If you have school-age children, I’m pretty sure you’ll agree with me that smaller schools are usually better. With fewer students, teachers have more time to focus on what specific children actually need to learn at their best, each child gets more one-on-one time, and there’s usually a much more family/community feel to the school as if you are all in this together.
However, there is such a thing as being too small. And far too many of our city schools are learning that all too well.
Take Chalmers School of Excellence on Chicago’s West Side, for example.
When the COVID-19 pandemic hit, school enrollment decreased, as you might have guessed. But now, even though the pandemic is pretty much over, the school is still missing nearly a third of its students, with no sign of regaining those lost any time soon.
A similar story is seen in numerous cities across the nation.
As a Chalkbeat/Associated Press analysis reports, more than one in five elementary schools in New York City had less than 300 students last year. That figure is closer to one in four for Los Angeles. In Chicago, nearly one in three schools see this. And in Boston, almost every other school has similar numbers.

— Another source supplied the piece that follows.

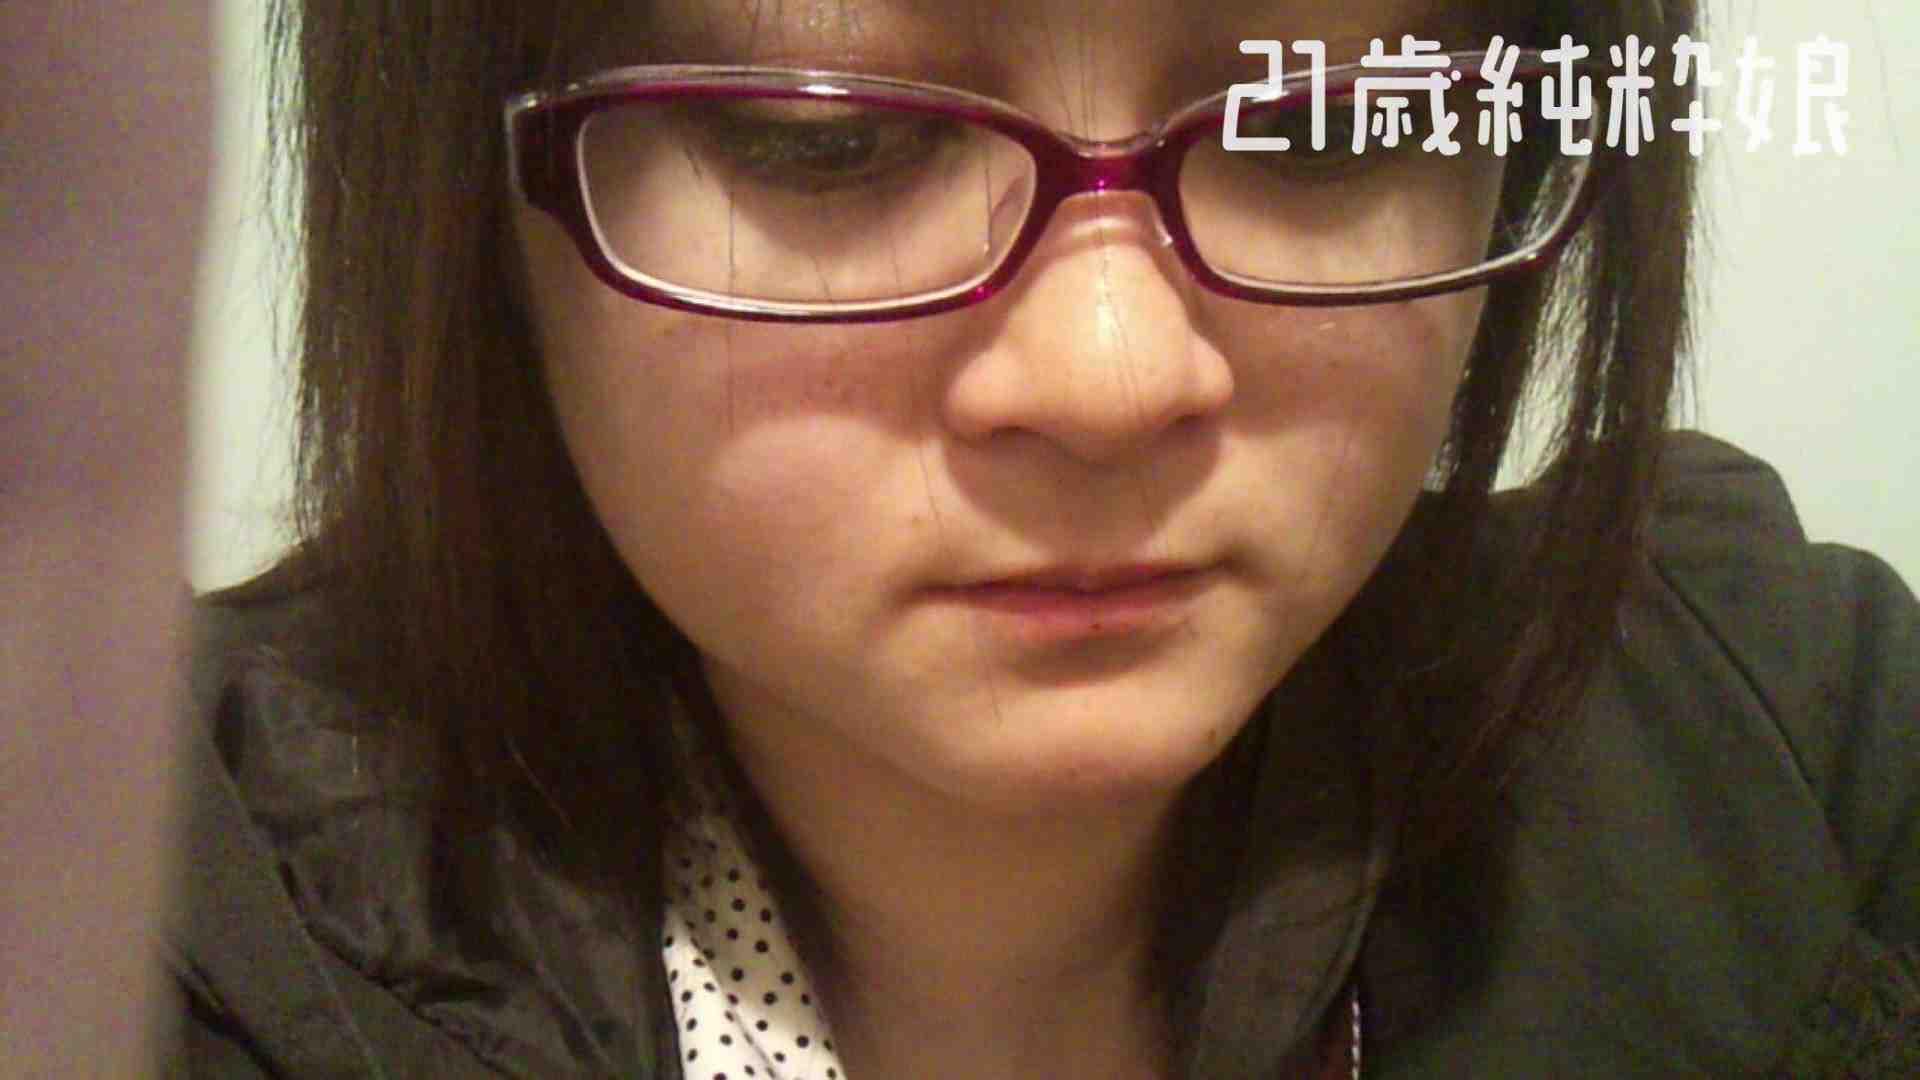 Gカップ21歳純粋嬢第2弾Vol.5 OLのエロ生活 ヌード画像 108連発 92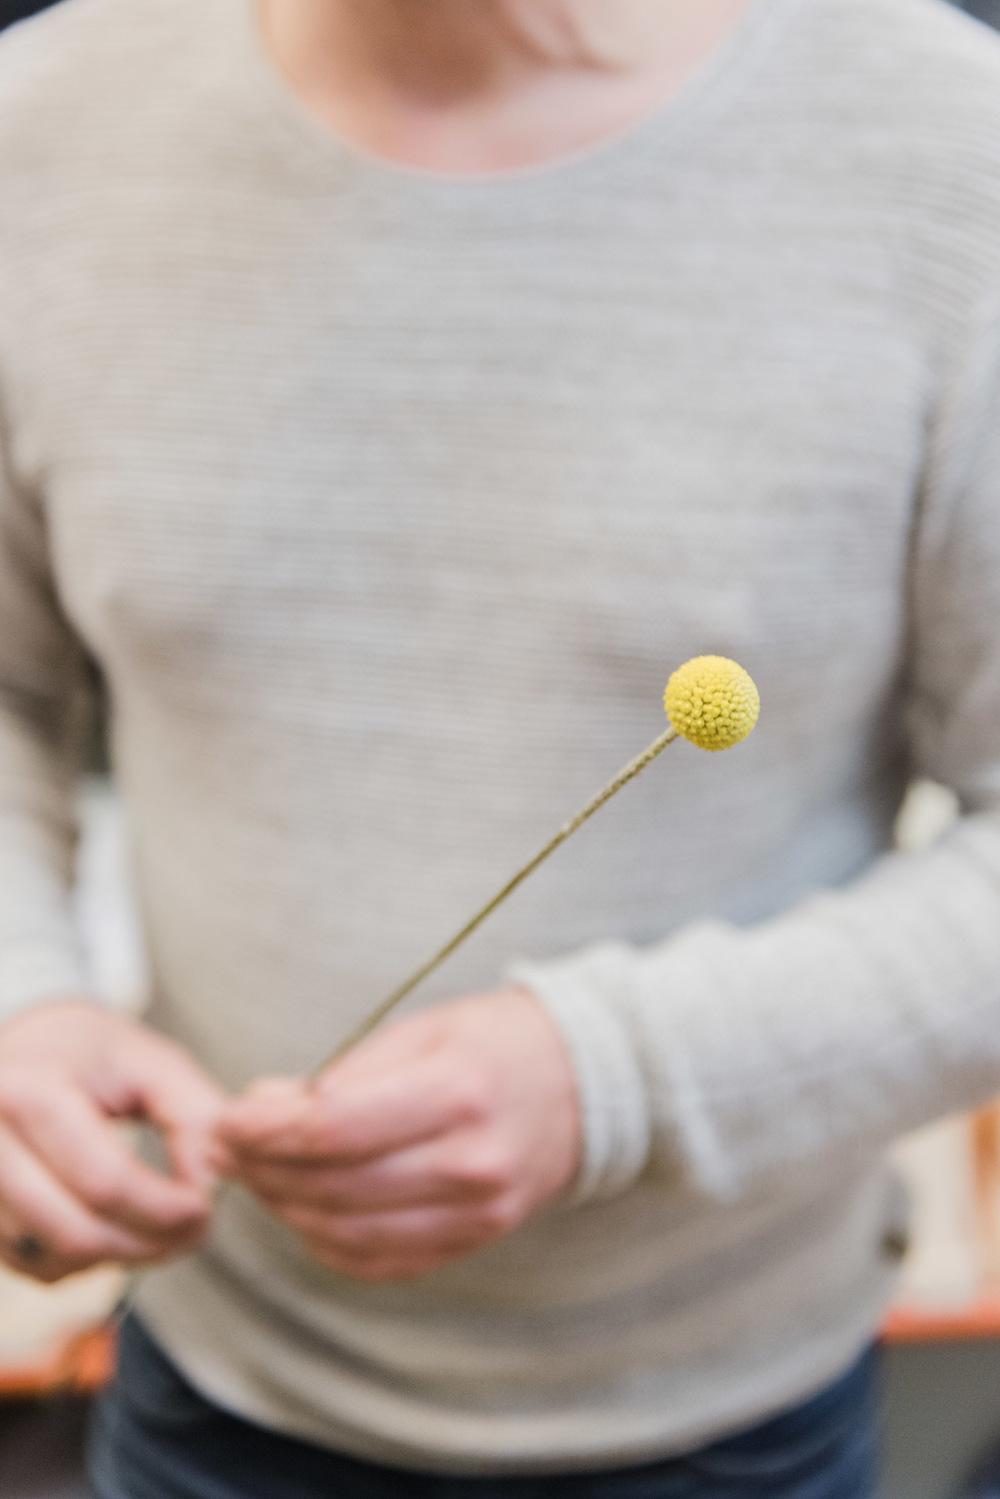 bloomon-passagen-wearecitykoeln-pramudiya-2.jpg

Now, as I said before, small schools can be good. But at some point, being small can become a liability.
As Chalmers’ Principal Romian Crockett points out, “When you lose kids, you lose resources. That impacts your ability to serve kids with very high needs.”
Or just to serve kids in general.
Most school districts, Chicago included, receive money each year based on how many students they have. This means that fewer children in attendance mean less money. And less money to pay for fixed costs like building maintenance, a counselor, and the principal can quickly become a major struggle.
As schools continue to shrink, school budgets are tightening, classrooms are being closed, and the fear is that some schools, which are usually major community hubs, will be shuttered for good.
Yvonne Wooden, a member of Chalmer’s school council and woman whose own children and now grandchildren, attend the school, worries that “we will shut down when we have all worked so hard.” Besides, it “would really hurt our neighborhood.”
In some cases, districts will send money from larger schools to the smaller ones to help. As the Chalkbeat/AP analysis points out, Chicago gives smaller high schools an average of $19,000 yearly while larger schools get about $10,000.
But it’s still not enough in many cases.
As Chicago schools chief Pedro Martinez recently told the school board, “I love small schools, but small schools are very expensive.”
Plus, as with many, they can’t offer near what the larger schools can anymore.
For instance, Manley Career Academy High School costs about $40,000 per student, thanks to rising costs and fewer enrollments. As a result, the school now only serves 65 students in total. And it cannot offer nearly as many elective courses, extracurricular activities, or sports.
Hal Woods of Kids First Chicago notes that the high cost is hardly worth the experience.
Even more problematic is that the schools most affected by enrollment issues seem to be those with more students of color. In Chicago, 50 schools were closed in 2013, with most located in primarily Black neighborhoods.
Thanks to state law, no school in Chicago can be closed or consolidated until 2025. But that brings little hope to schools in the district. As with many US school districts, they are still relying on federal relief money from COVID-19. But those funds will soon run out.
Those like Martinez will then be faced with a tough decision. Do you shutter the schools to keep others alive, upsetting whole communities and neighborhoods? Or try to keep them open, cutting budgets even more?
For now, Martinez is avoiding any talk of school closures. Instead, he says he wants the district to focus on how it can bring in more students and make schools and their campuses more attractive to families. School officials in New York City and Los Angeles have similar goals.
Of course, it wouldn’t hurt Democratic city leaders to stop their soft-on-crime ways that are ravaging these same communities and making them unappealing to those with young children.